I come from Seventeenorbust, and we are running many P-1 tests in a row. Now, stage2 needs a lot of memory, stage1 does not. My first idea was basically to run two copys of prime95 on a Hyperthreading-machine, to one copy assigned few mem, to the other one a lot. The first copy runs Stage1, the second Stage2 (of an other test, where stage1 has already been done). This could be organised manually, or by a small program that takes care of the savefiles and the worktodo.ini's. But then I thought that the easiest way would be to implement it directly in prime95 itself; I assume that the optimal B1/B2 have to be chosen in a different way, too. I know that prime95 can take advantage of two or more processors, but perhaps not in this way. Perhaps, on the other hand, would the fact that there are two processors, but only one memory, slow down things. Don't know. Just an idea. I'm looking forward for your replys, though. Yours sincerely, H. |
![]() |
![]() |
![]() |
#2 |
May 2005
2·809 Posts |
![]()
If you really mean Intel's hyperthreading technology (one physical + one logical CPU), then I doubt there would be any significant improvement doing two intensive task simultaneously. It should change however when multicore CPU is used (e.g. two physical CPUs).
|
![]() |
![]() |
![]() |
#3 |
Mar 2005
Denmark
7 Posts |
![]()
I really can't figure out it there would be any gain.
As I run these P-1 tests right now I have something like half of the time where the computer has lot's of it's memory taken by mprime and the other half of the time where almost nothing is taken. If I turned on HT and did as suggested then as far as I can tell I would just get the same throughput but have lot's of memory taken all the time. Both stage1 and stage2 it is the memory that is "the bottleneck" ... if memory access or something else had been the bottleneck then I could see where the gain would be. I may very well be wrong ... there might actually be ways to intensivate this process.

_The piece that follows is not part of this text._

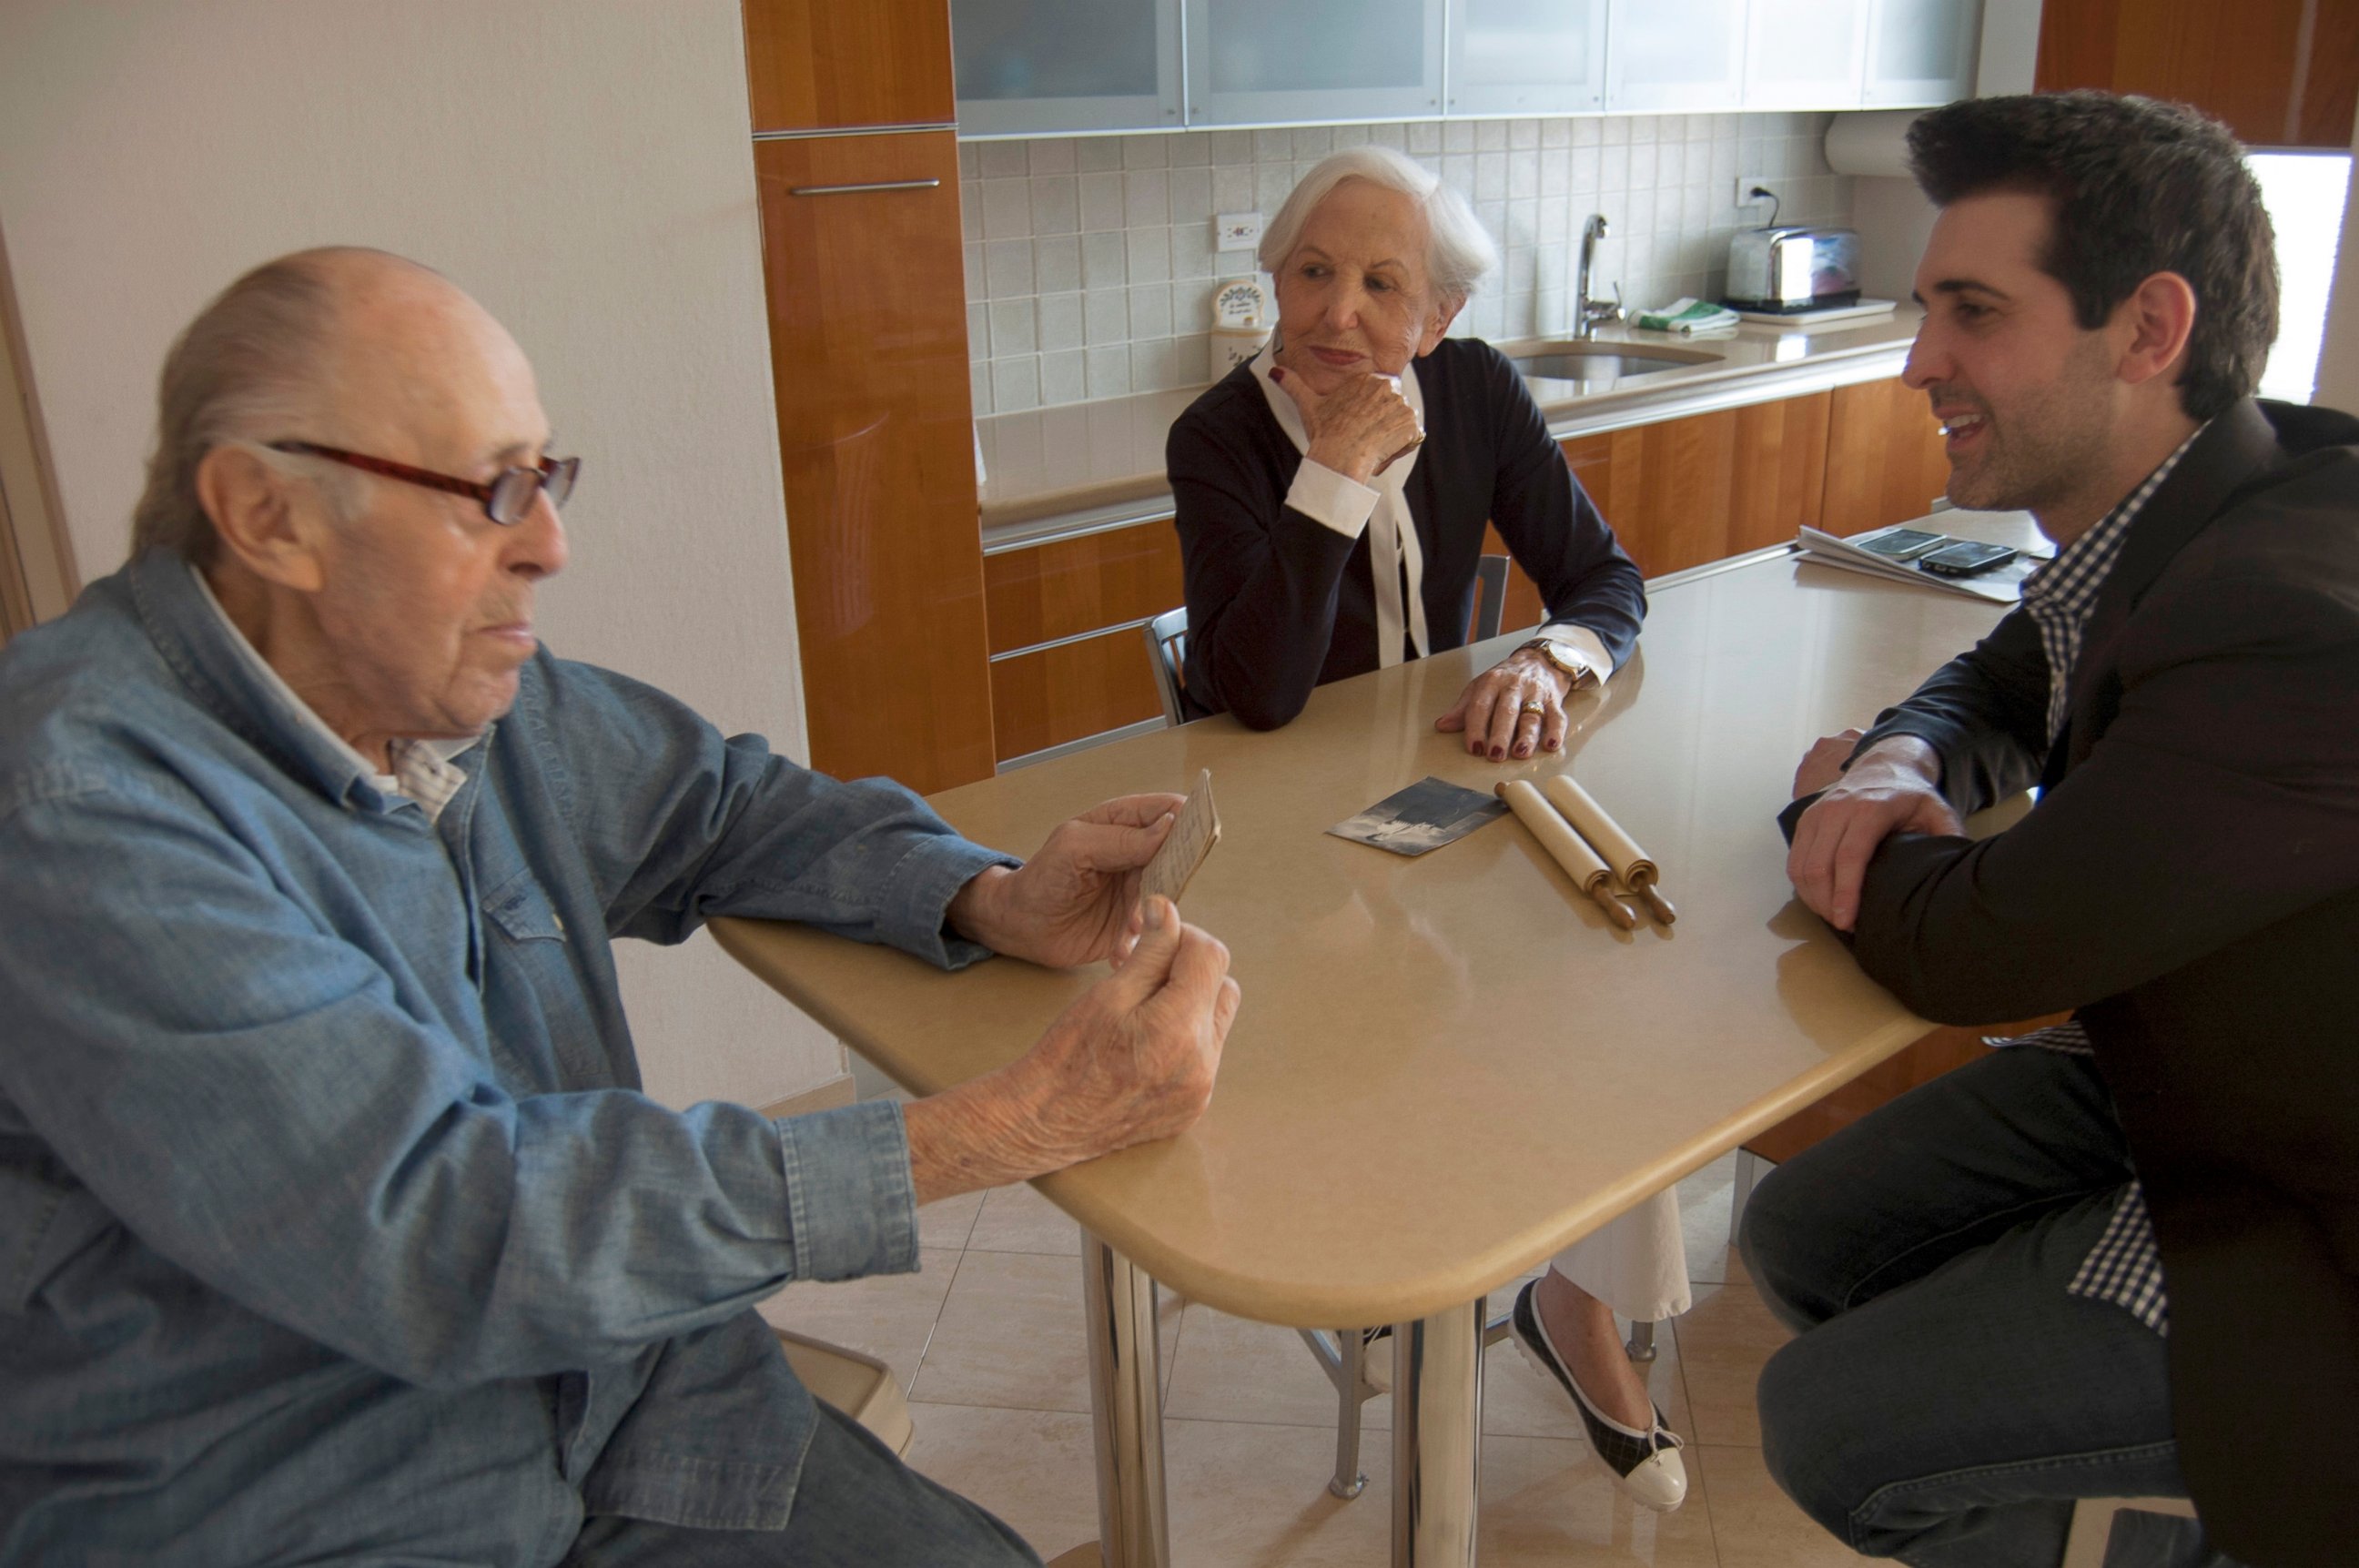 PHOTO: Michael Rothman sits down with grandfather Paul Rothman, left, for a discussion on heritage.

I do for example have P4-boxes, one with little ram (256 MB) and one with enough (1024 MB) ... if I could set them up so the one with little ram only does stage1 and then let the one with enough ram do stage2 then there would probably be a gain somehow, but doing all of this manually is just takes more time than I want to spend doing this. |
![]() |
![]() |
![]() |
#4 |
Jul 2004
Nowhere
809 Posts |
![]()
I know that prime95 can take advantage of two or more processors, but perhaps not in this way.

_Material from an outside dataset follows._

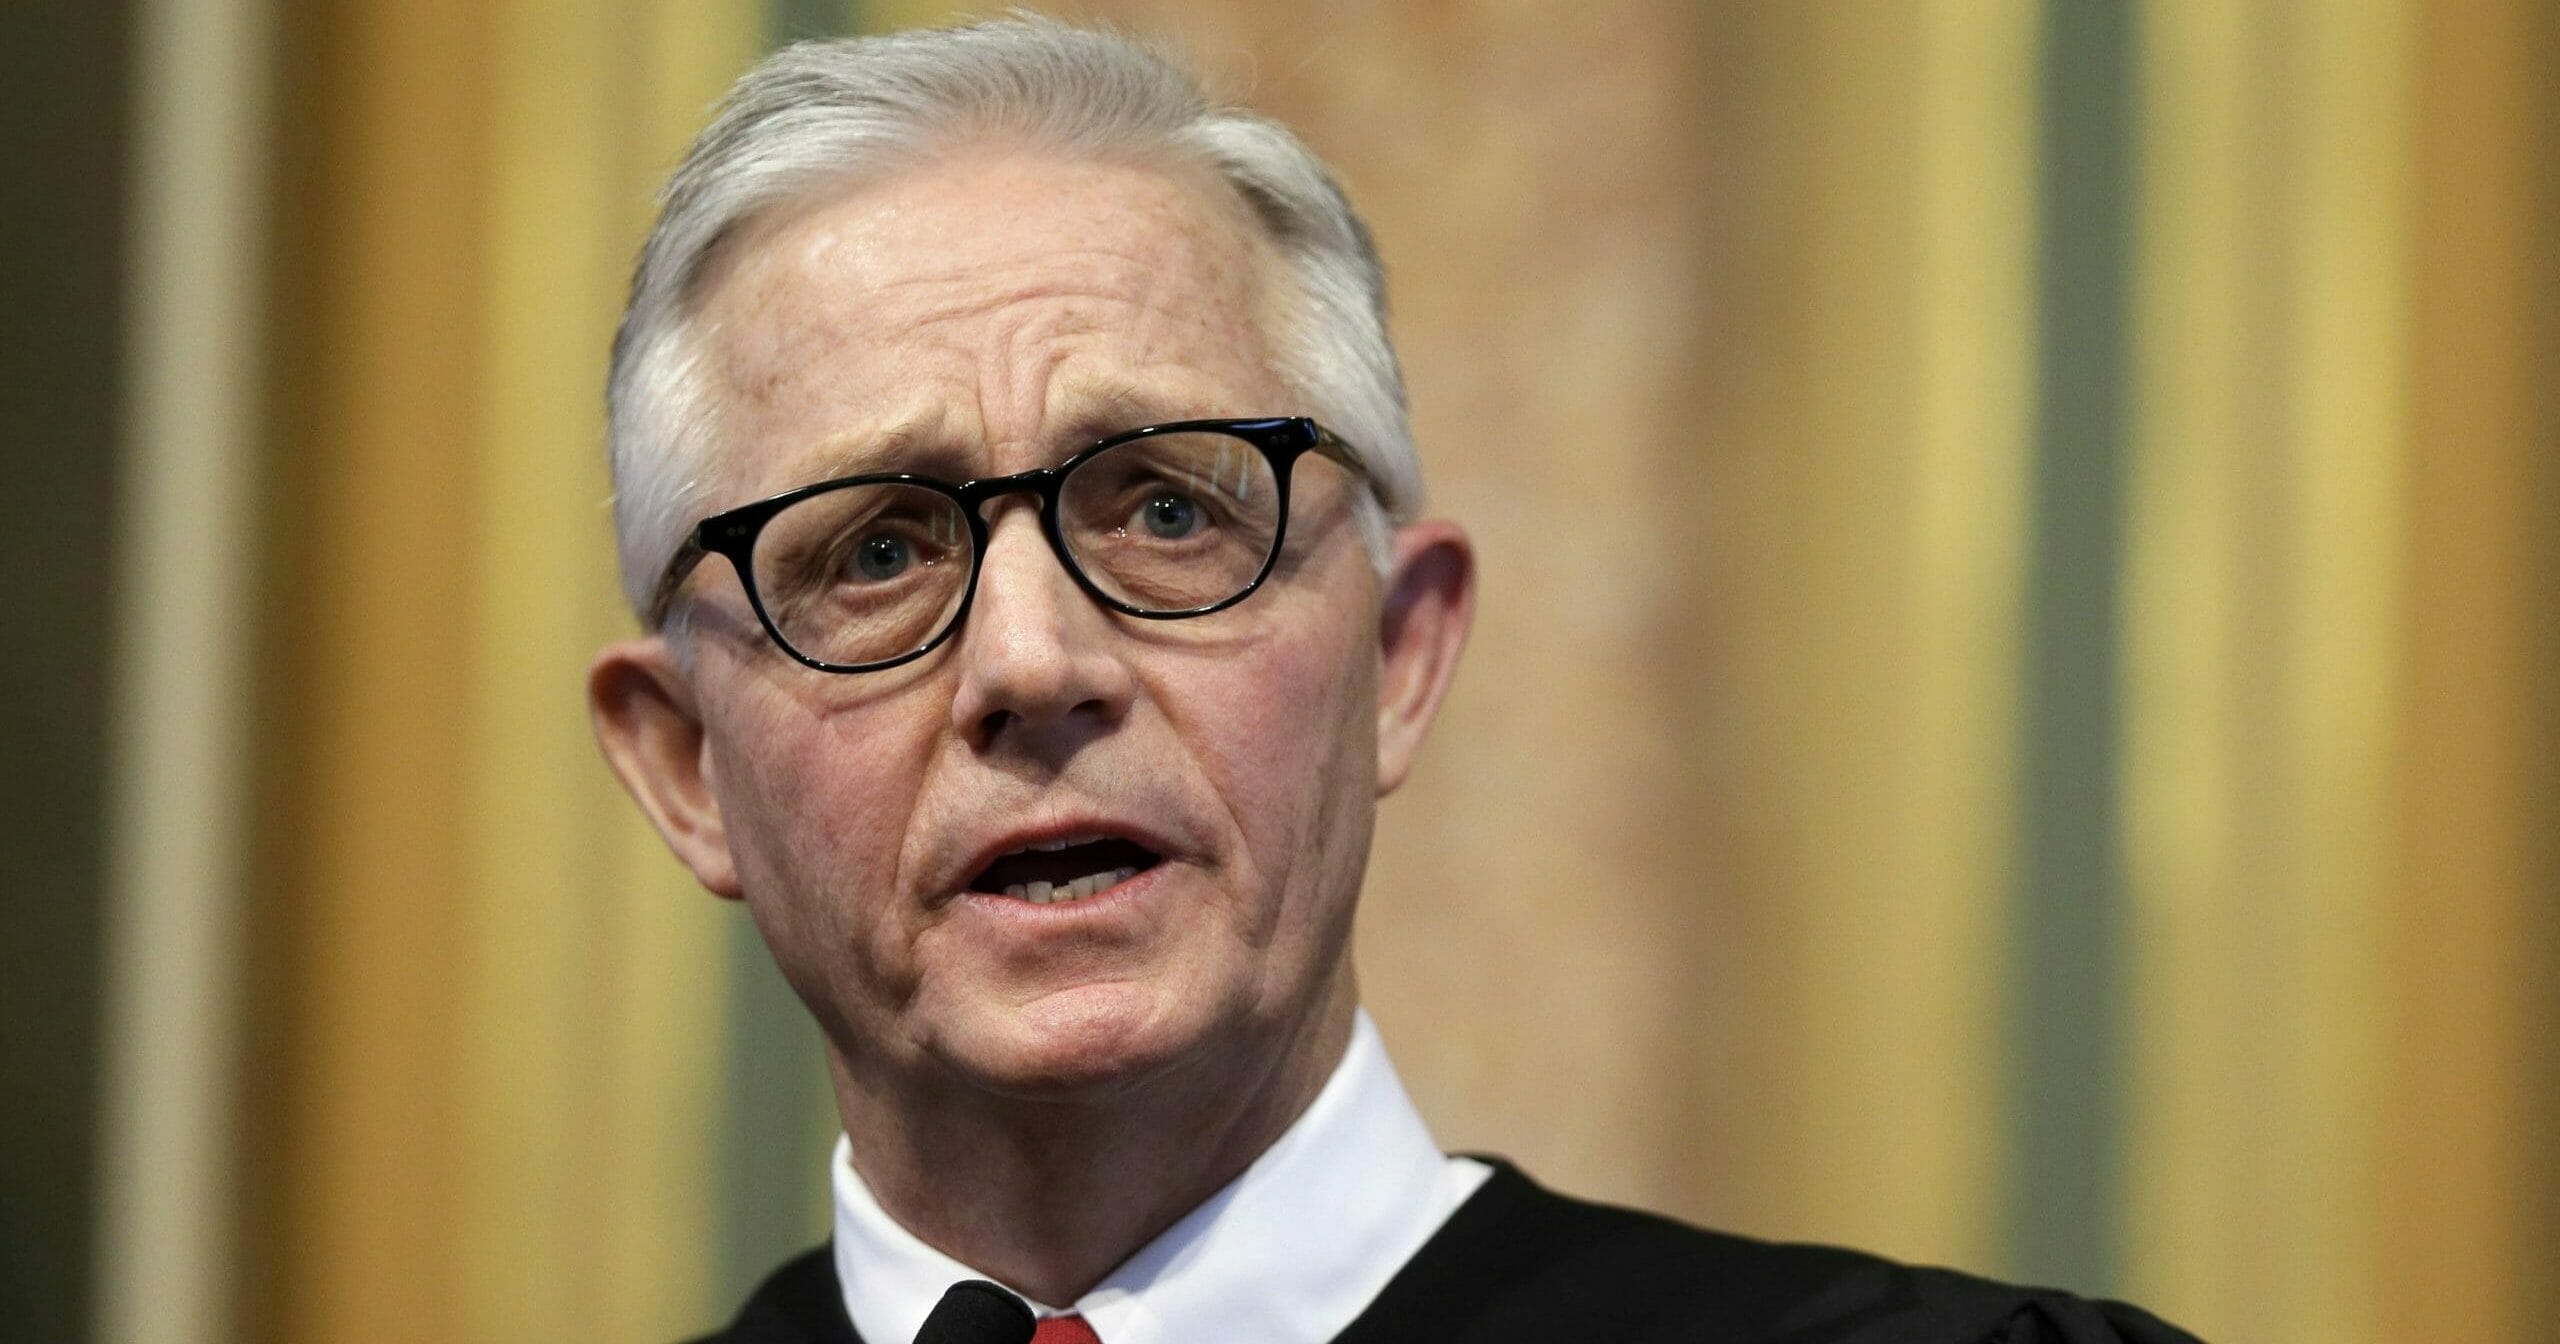 In this Jan. 13, 2016 file photo, Iowa Supreme Court Chief Justice Mark Cady delivers his Condition of the Judiciary address to a joint session of the Iowa Legislature in Des Moines, Iowa. Cady’s family says in a statement posted on the court’s website that he died unexpectedly of a heart attack on Nov. 15, 2019. He was 66.

Perhaps, on the other hand, would the fact that there are two processors, but only one memory, slow down things. this is incorrect prime95 does not take advantage of 2 processers you actually have to run 2 copys of prime 95 set to different procs manually. prime 95 is a single proc program |
![]() |
![]() |
![]() |
#5 |
"Nancy"
Aug 2002
Alexandria
2,467 Posts |
![]()
I don't think it would help. Prime95 utilises the fpu nearly 100% regardless of whether it is doing stage 1 or 2, so the two processes will merely compete for fpu units. In stage 2, due to the far larger memory footprint, memory access latencies may be more common, so the stage 1 thread may be able to do a bit of useful work there while stage 2 is waiting for data. I'd expect it will help less than the two processes throwing each other's data out of cache will hurt, though.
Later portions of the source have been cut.